It sawed the waves

more deeply than it would with other crews.

    So, rushing forwards on that lifeless slick,

there jerked up, fronting me, one brimming slime

who spoke: ‘So who – you come too soon! – are you?’

    And my riposte: ‘I come, perhaps; I’ll not remain.

But who might you be, brutishly befouled?’

His answer was: ‘Just look at me. I’m one

    who weeps.’ And I to him: ‘Weep on. In grief,

may you remain, you spirit of damnation!

I know who you are, filth as you may be.’

    And then he stretched both hands towards our gunwales.

My teacher, though – alert – soon drove him back,

saying: ‘Get down!
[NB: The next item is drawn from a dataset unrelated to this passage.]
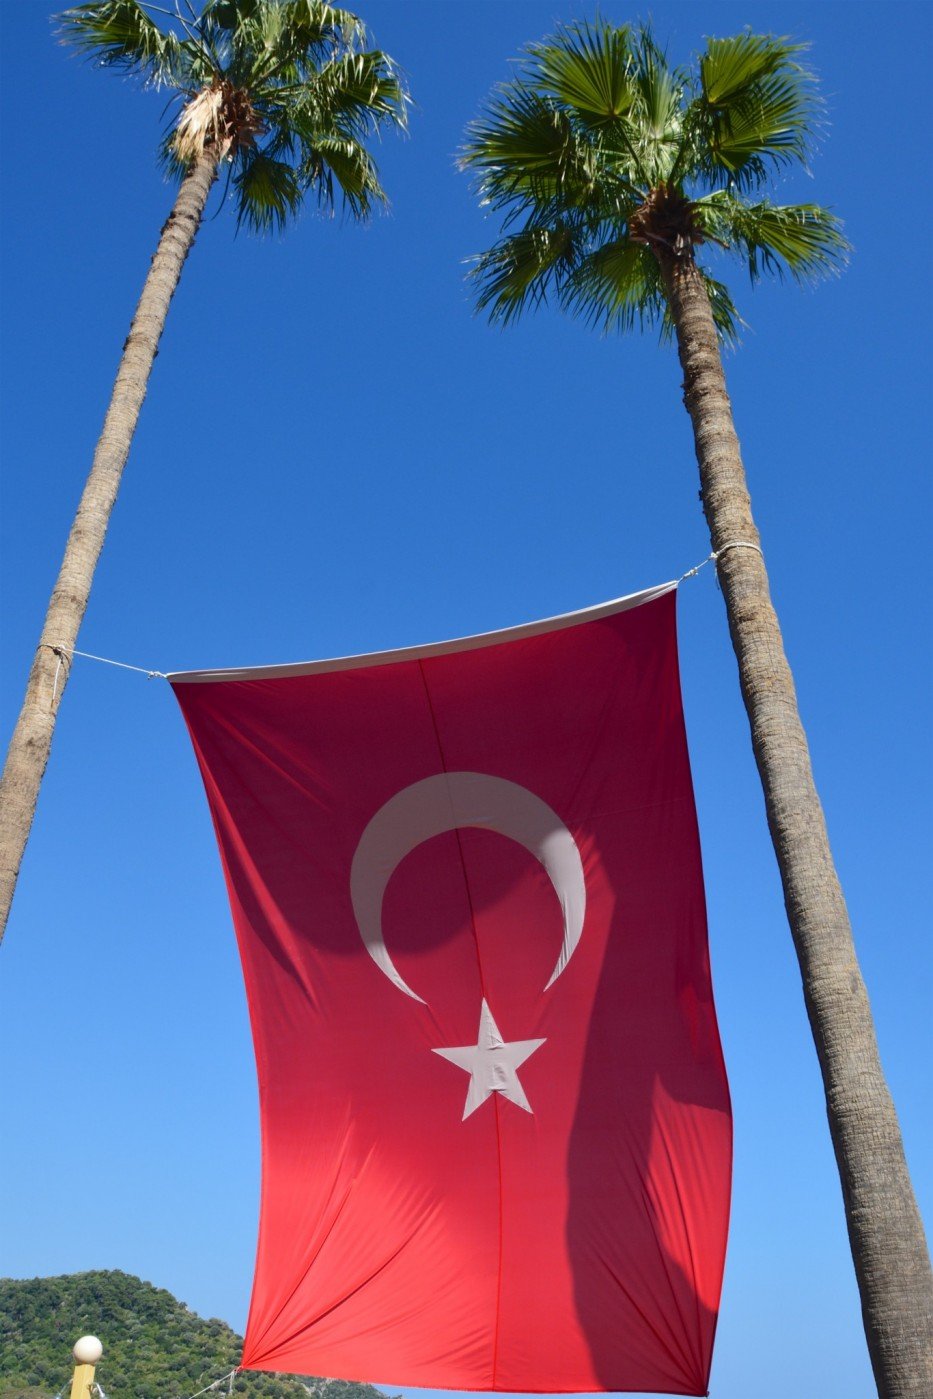 Our thoughts in Turkey – Marmaris

Be off with all that dog pack!’

    And then he ringed both arms around my neck.

He kissed my face, then said: ‘You wrathful soul!

Blessed the one that held you in her womb.

    That man, alive, flaunted his arrogance,

and nothing good adorns his memory.

So here his shadow is possessed with rage.

    How many, in the world above, pose there

as kings but here will lie like pigs in muck,

leaving behind them horrible dispraise.’

    ‘Sir,’ I replied, ‘this I should really like:

before we make our way beyond this lake,

to see him dabbled in the minestrone.’

    He gave me my answer: ‘Before that shore

has come to view, you’ll surely have your fill.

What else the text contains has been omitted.